The output control signal generator 262 may include NAND gates G1 to G4 that input the output signals SEL1 and SEL2 to SEL4 of the counter 261 or the signals / SEL2 to / SEL4 inverted by the inverter. And NOR gates G11 to G14 that input common enable signals EWP to the respective output signals of these NAND gates G1 to G4. As shown in Table 1, byte signals ( When the pulses of LD2) are 1 to 16, only the output signal CNT1 is at high level, when the pulses are 17 to 32, only the output signal CNT2 is at high level, and when the pulses are 33 to 48, the output signal CNT3 is Only at high level, when the pulse is 49 to 64, only the output signal CNT4 is configured to change to high level. These output signals CNT1 to CNT4 are supplied as a selection control signal to the selector section 24 which selects the clock divided by the division circuit 23.
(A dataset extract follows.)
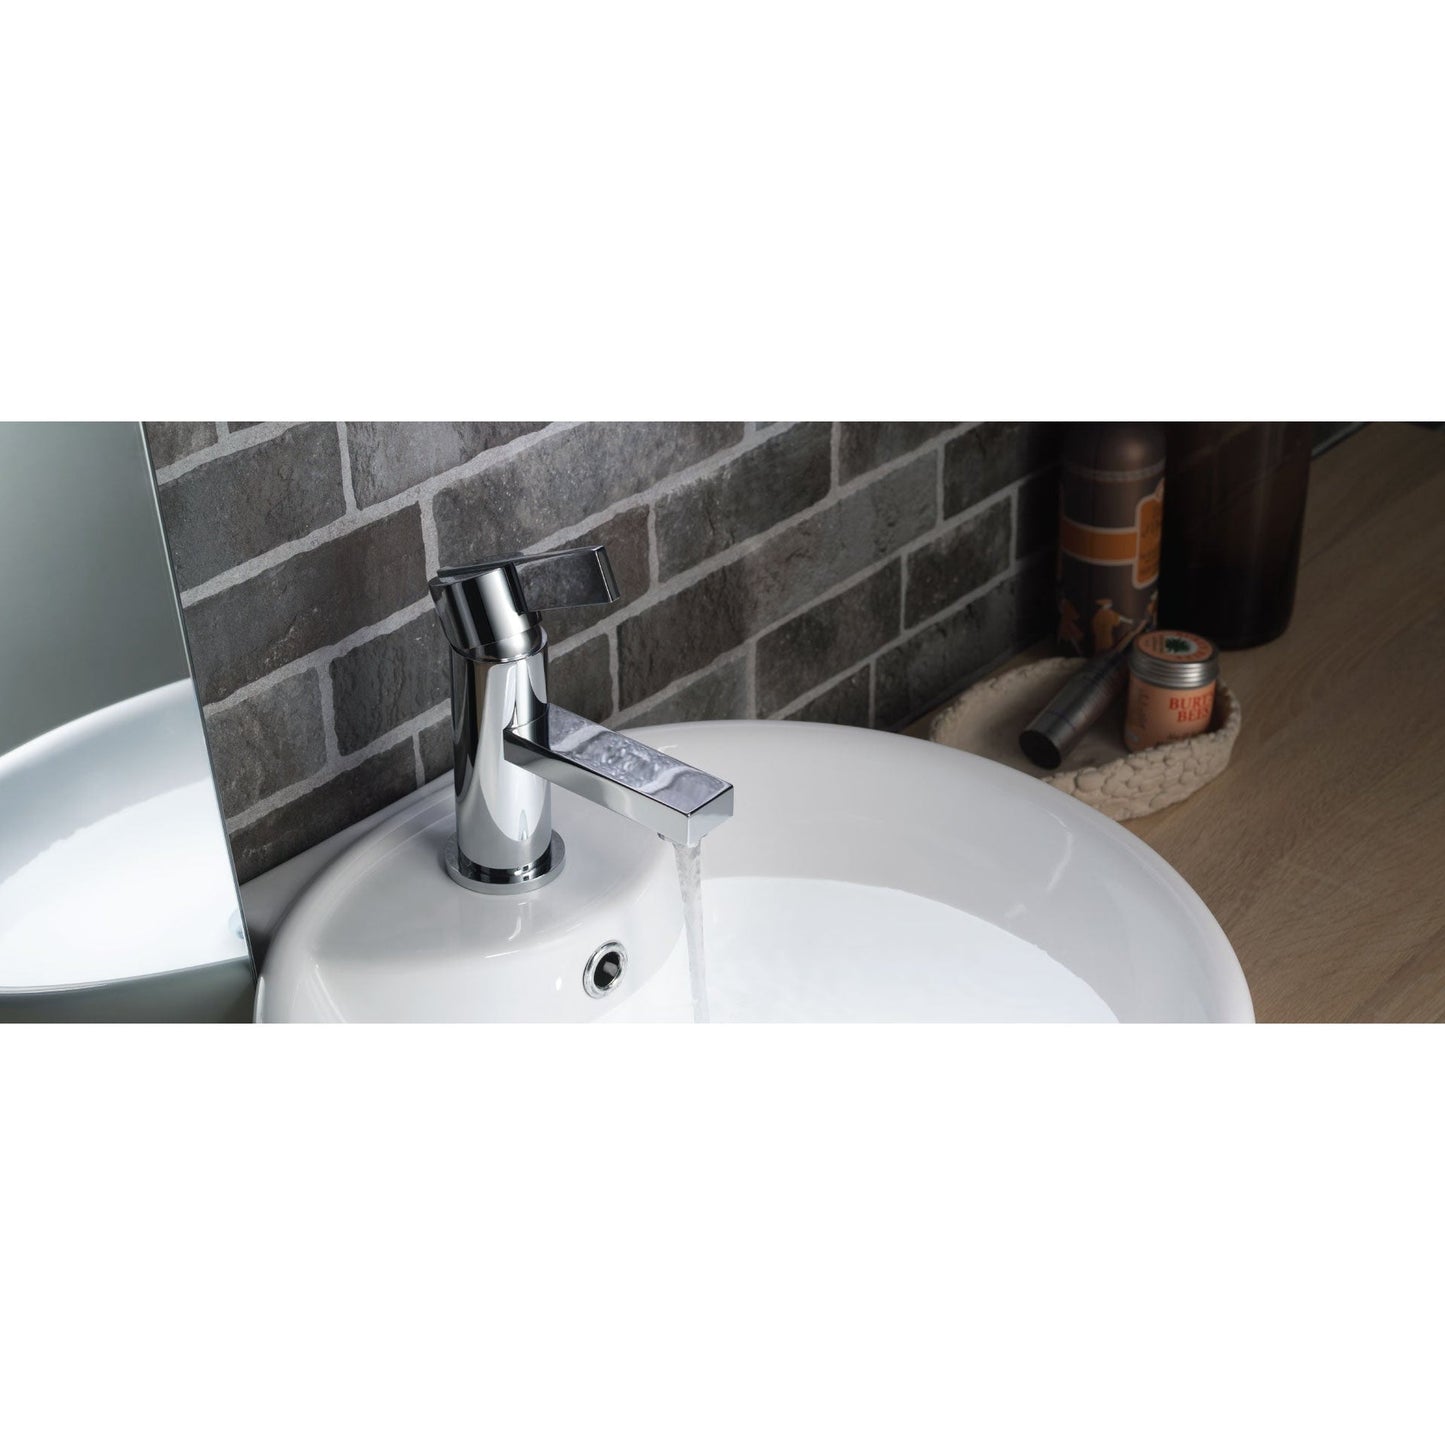 Isenberg Serie 145 6" Single-Hole Chrome Deck-Mounted Bathroom Sink Faucet With Pop-Up Drain

7 shows an example of the configuration of the selector section 24. The selector 24 receives inputs of the clocks OSC1, OSC2, OSC3, and OSC4 having different frequencies output from the frequency dividers 23a to 23d of the frequency divider 23, respectively. Transmission gates G21 to G24 such as clock in buffers using the signals CNT1 to CNT4 supplied from the control signal as a control signal, a NOR gate G31 that takes a logic of the signals CNT1 to CNT4, and the NOR gate ( A pull-up MOSFET (Qp) that is controlled on and off by the output signal of G31).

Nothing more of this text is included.